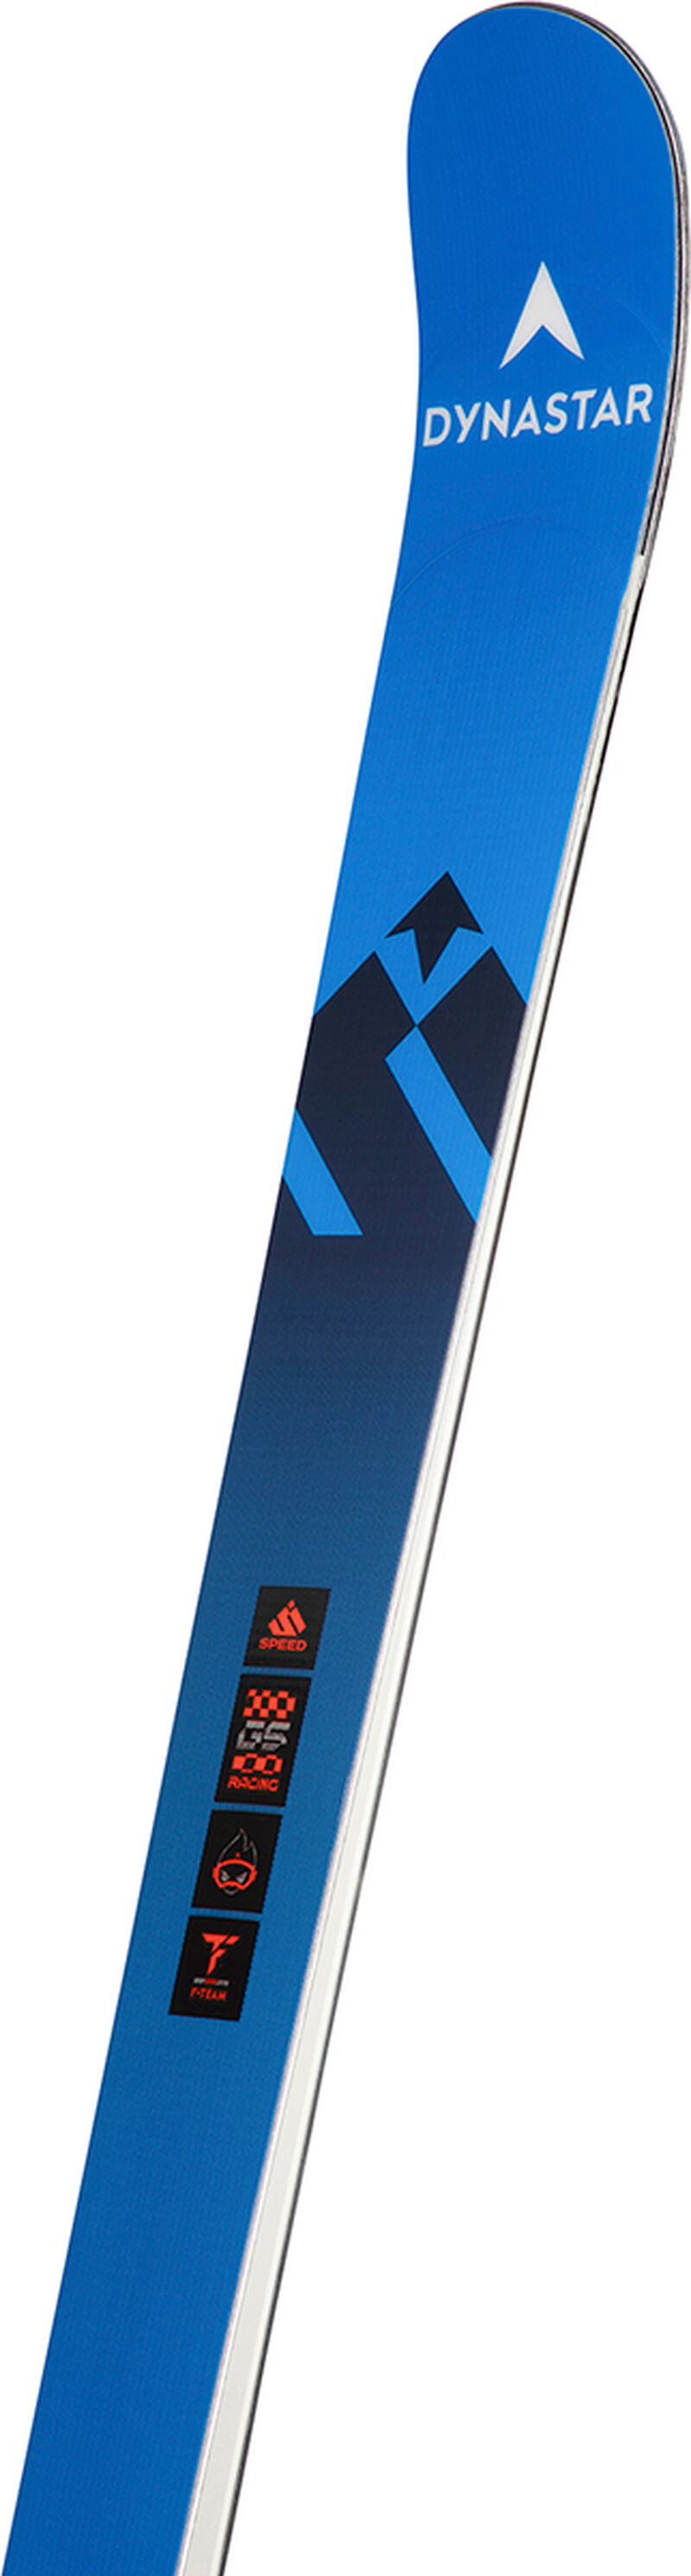 Unisex Racing skis Speed Course WC GS 170-182 R22
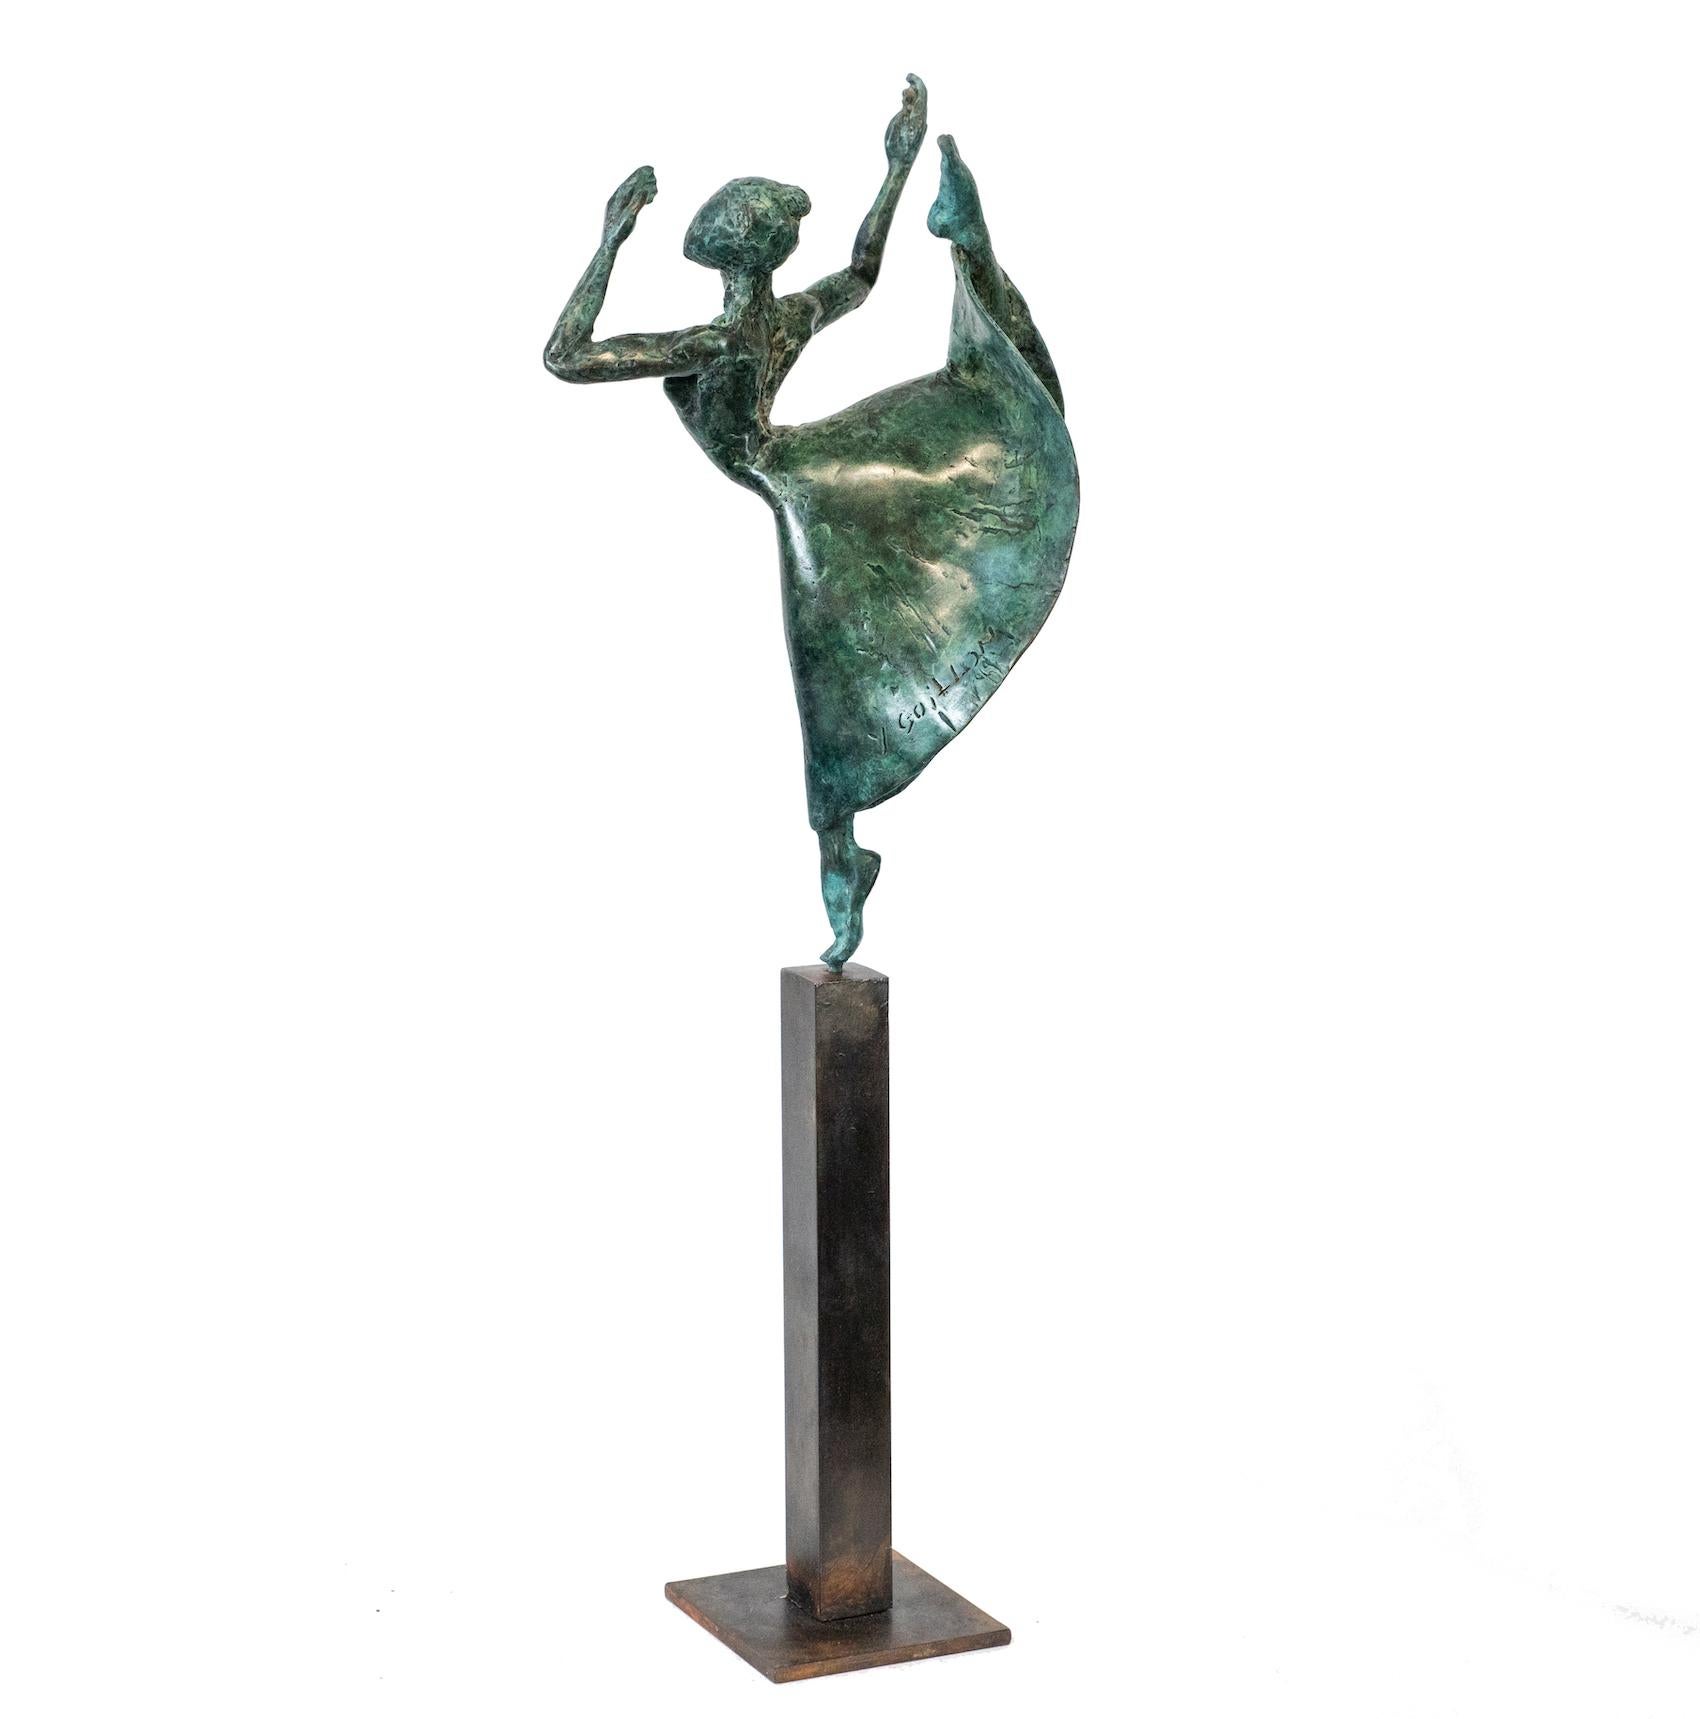 Modern dancer I is a bronze sculpture by contemporary artist Yann Guillon, dimensions are 28 × 15 × 10 cm (11 × 5.9 × 3.9 in). Height of the sculpture with the metal base: 48 cm (18.9 in). The sculpture is signed and numbered, it is part of a
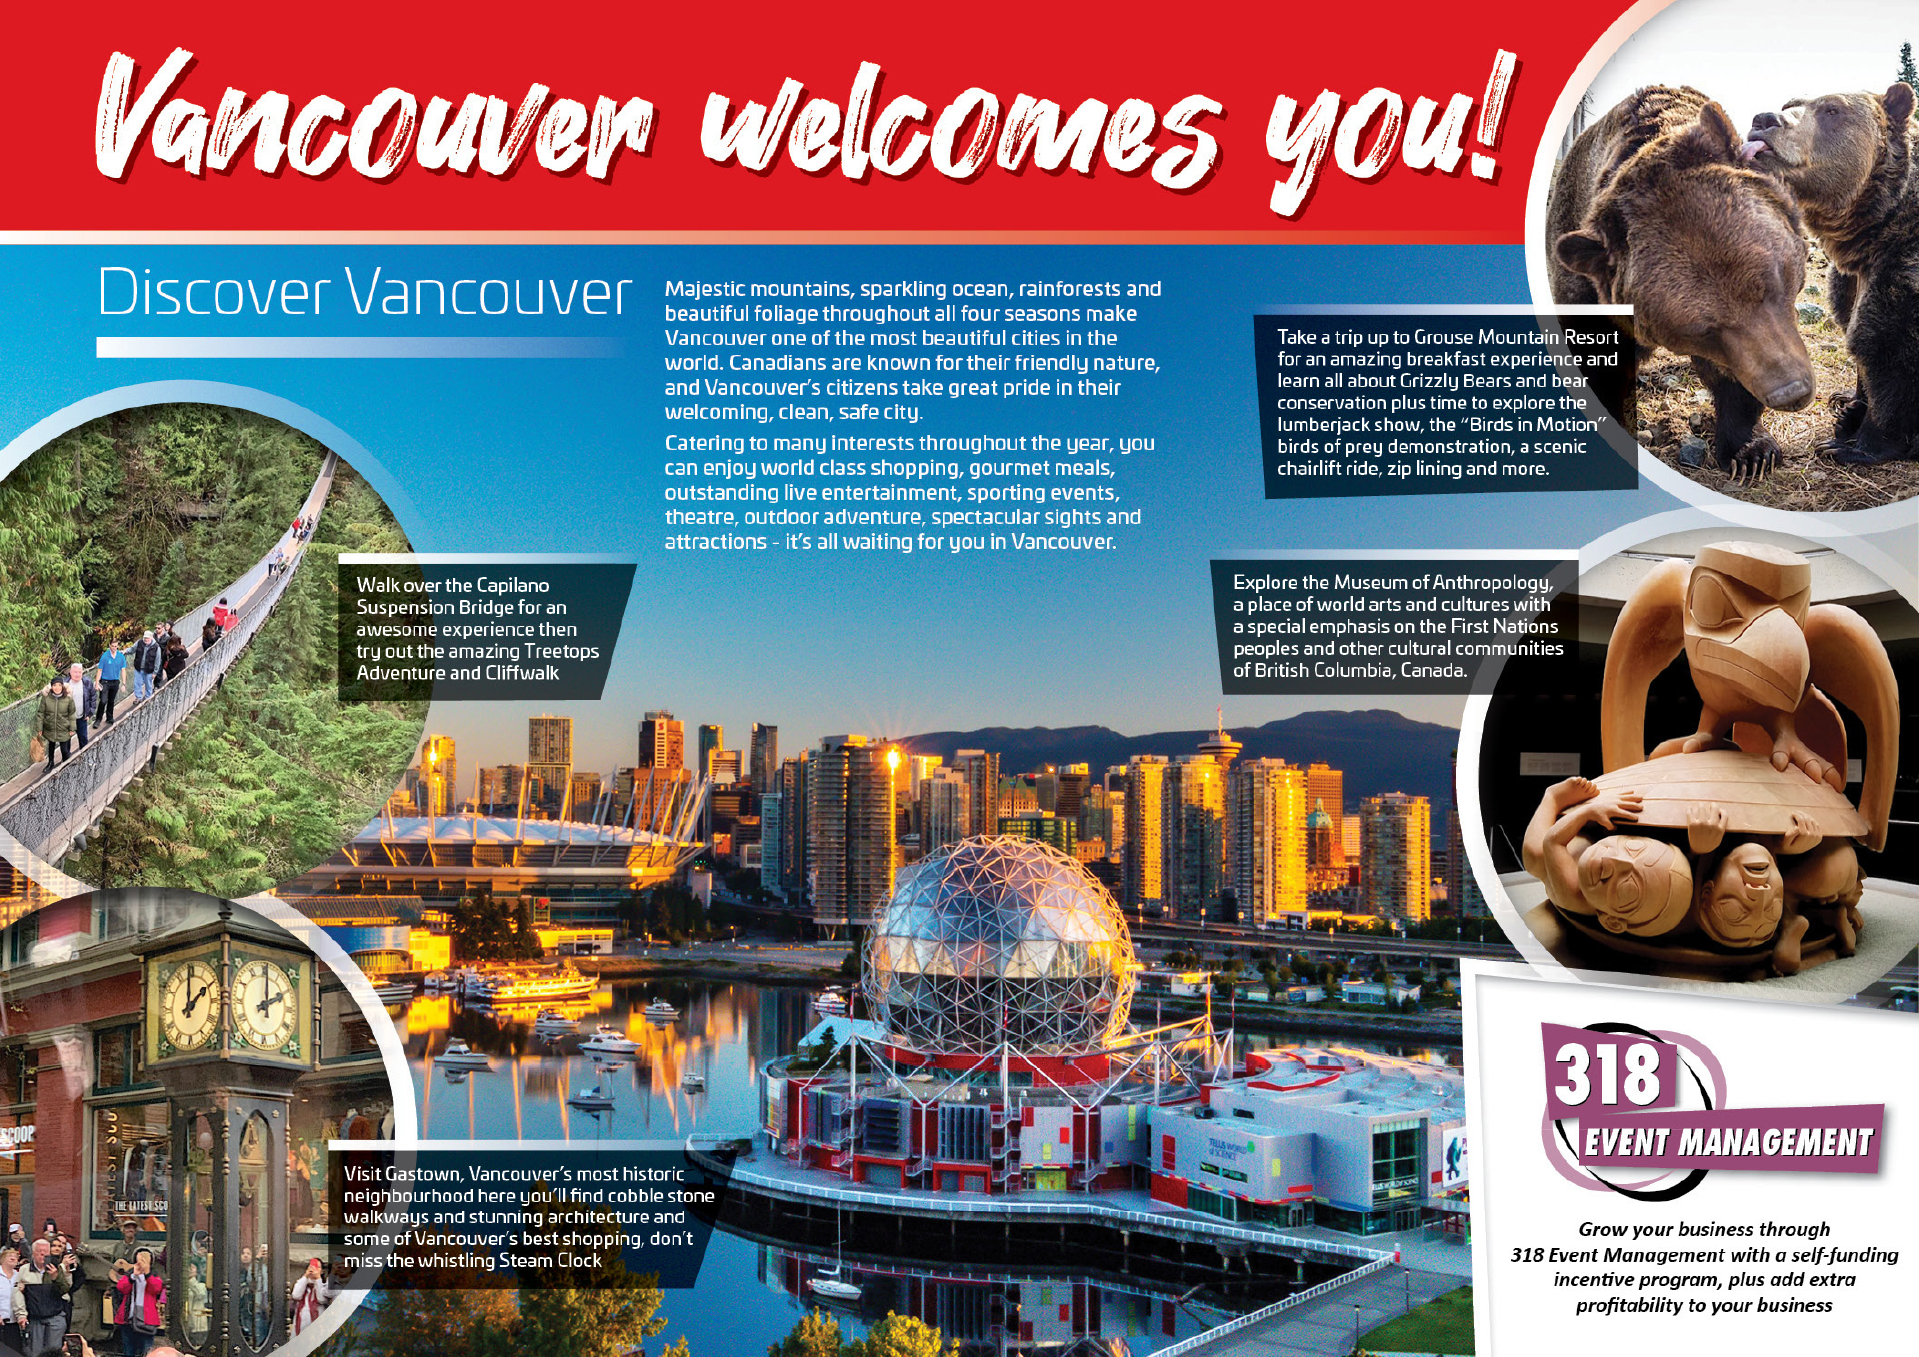 Vancouver welcomes you

§ **Action item**
Where a picture appears in the data, omit it; restate the rest word for word.

§ **Expected output**
 Unisex Racing skis Speed Course WC GS 170-182 R22
 Modern dancer I is a bronze sculpture by contemporary artist Yann Guillon, dimensions are 28 × 15 × 10 cm (11 × 5.9 × 3.9 in). Height of the sculpture with the metal base: 48 cm (18.9 in). The sculpture is signed and numbered, it is part of a
 Vancouver welcomes you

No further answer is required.